Goal. Mapping out each feature of the election and deal with (in)consistent terminologies sprouted by different university-trained public administration. This is the crux of hallunications: getting a diagram of ballot handling and their terminologies.
Then maybe tackle the multitude ways of election irregularities, or at least point out integrity gaps at various locales.
https://figshare.com/articles/presentation/Election_Frauds_v...
banku_brougham
bravo, this is a great use of talent for society
gcr
For new folks, you can get a local code agent running on your Mac like this:
1. $ npm install -g @openai/codex
2. $ brew install ollama; ollama serve
3. $ ollama pull gpt-oss:20b
4. $ codex --oss -m gpt-oss:20b
This runs locally without Internet. Idk if there’s telemetry for codex, but you should be able to turn that off if so.
You need an M1 Mac or better with at least 24GB of GPU memory. The model is pretty big, about 16GB of disk space in ~/.ollama
Be careful - the 120b model is 1.5× better than this 20b variant, but takes 5× higher requirements.
nickthegreek
have you been able to build or reiterate anything of value using just 20b to vibe code?
lreeves
I sometimes still code with a local LLM but can't imagine doing it on a laptop. I have a server that has GPUs and runs llama.cpp behind llama-swap (letting me switch between models quickly). The best local coding setup I've been able to do so far is using Aider with gpt-oss-120b.

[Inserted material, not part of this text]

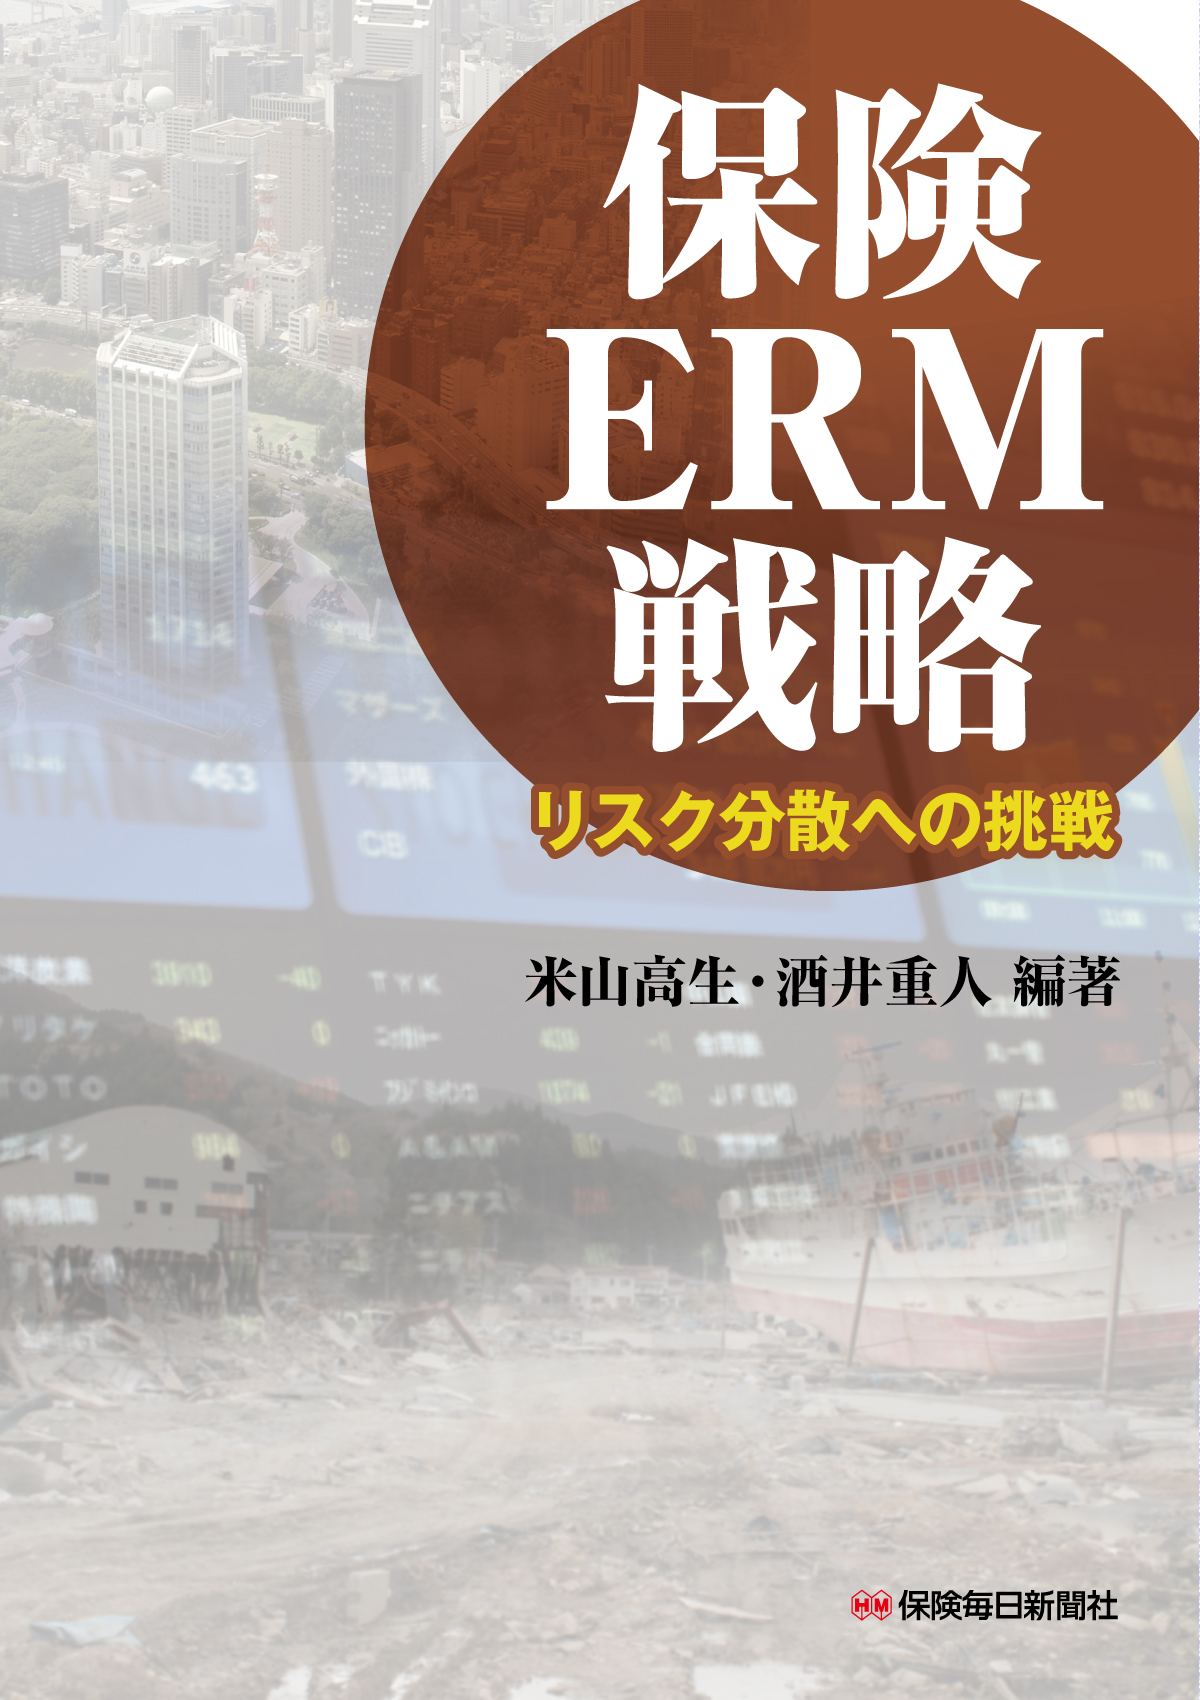 保険ERM戦略の商品画像

I guess you could get a Ryzen AI Max+ with 128GB RAM to try and do that locally but non-nVidia hardware is incredibly slow for coding usage since the prompts become very large and take exponentially longer but gpt-oss is a sparse model so maybe it won't be that bad.
Also just to point it out, if you use OpenRouter with things like Aider or roocode or whatever you can also flag your account to only use providers with a zero-data retention policy if you are truly concerned about anyone training on your source code. GPT5 and Claude are infinitely better, faster and cheaper than anything I can do locally and I have a monster setup.
fm2606
gpt-oss-120b is amazing. I created a RAG agent to hold most of GCP documentation (separate download, parsing, chunking, etc). ChatGPT finished a 50 question quiz in 6 min with a score of 46 / 50. gpt-oss-120b took over an hour but got 47 / 50. All the other local LLMs I tried were small and performed way worse, like less than 50% correct.
I ran this on an i7 with 64gb of RAM and an old nvidia card with 8g of vram.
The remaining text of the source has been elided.